June 2007: Should your patient have CABG or stents?

Symposium: Cardiovascular medicine

Symposium: Cardiovascular medicine

Patients with significant coronary artery disease can present with a spectrum of symptoms that range from the very subtle to the very obvious.

In some patients chest discomfort may be clearly pleuritic or musculoskeletal in nature and does not require referral. However, in other patients who describe a history of chest discomfort, particularly of recent onset, related to exercise and radiating to the arms and neck, there should be a high suspicion that this represents coronary artery disease. Patients with these symptoms should always be referred early for further assessment, urgently if the symptoms are of recent onset or rapidly escalating, to delineate the extent and severity of coronary artery disease. This will determine if the disease is prognostically important and whether it can be controlled with medical therapy or requires invasive intervention.

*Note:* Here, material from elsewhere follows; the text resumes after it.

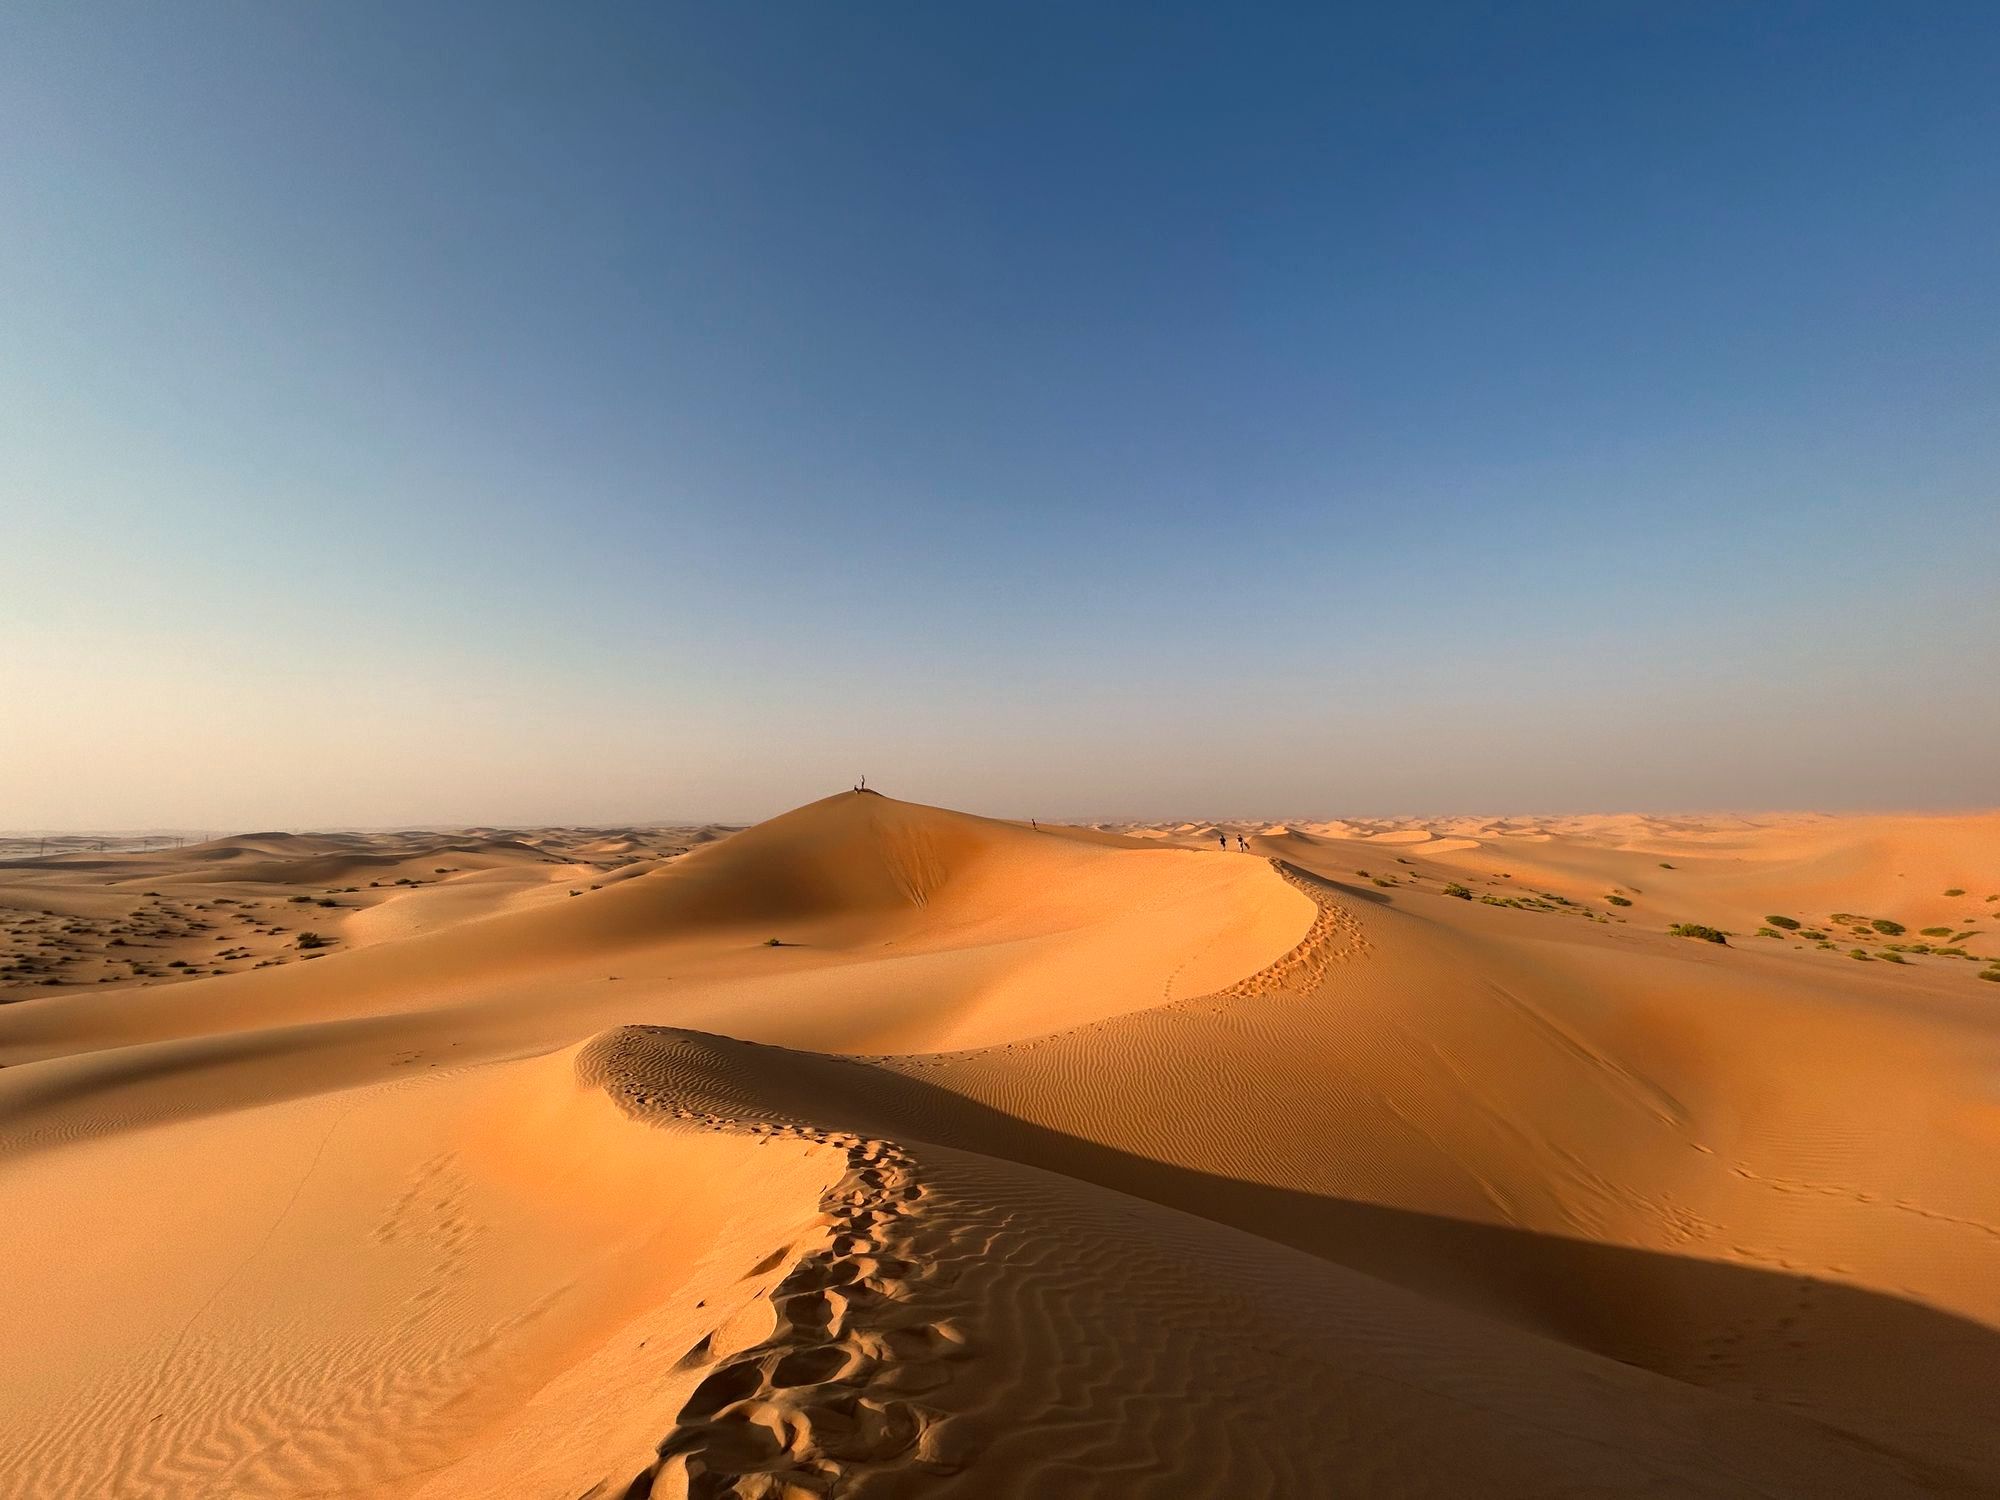 Productivity with AI: The Empty Quarter Desert
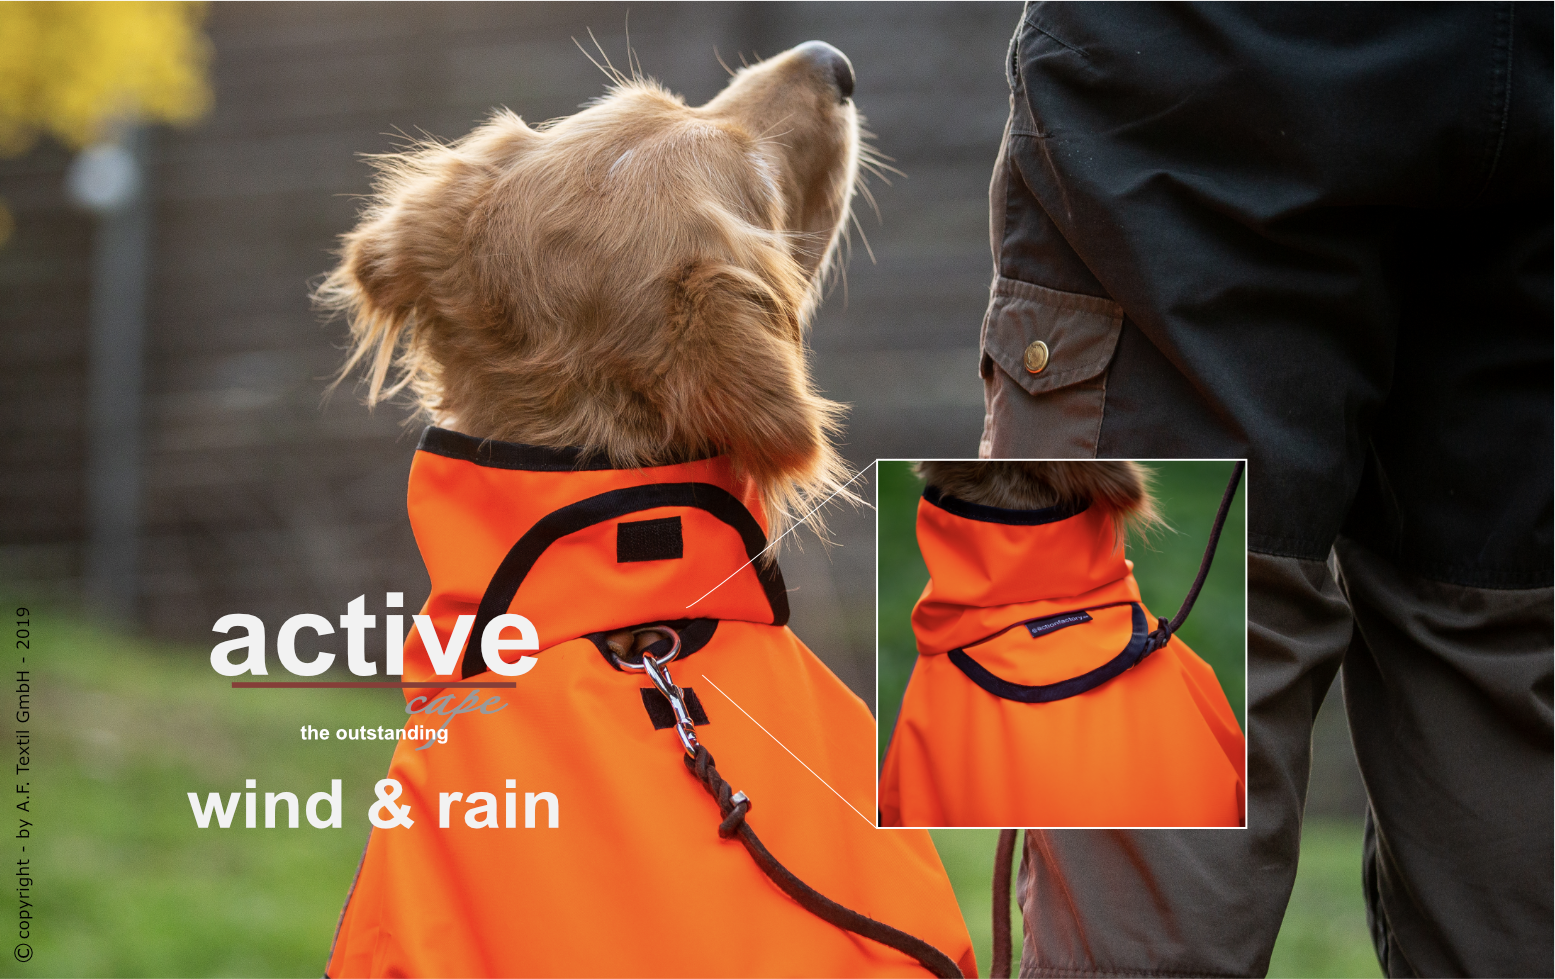 Active cape Wind & Rain orange Mini

However, it is impossible to determine the prognostic significance of coronary artery disease on history alone. A significant proportion of patients with prognostically important disease will present with either minimal or atypical chest pains, and sometimes with indigestion.

Some patients with significant coronary artery disease may be totally asymptomatic. These patients present for other reasons, such as sudden cardiac arrest, or during screening before an operation. This situation is more common in patients with diabetes.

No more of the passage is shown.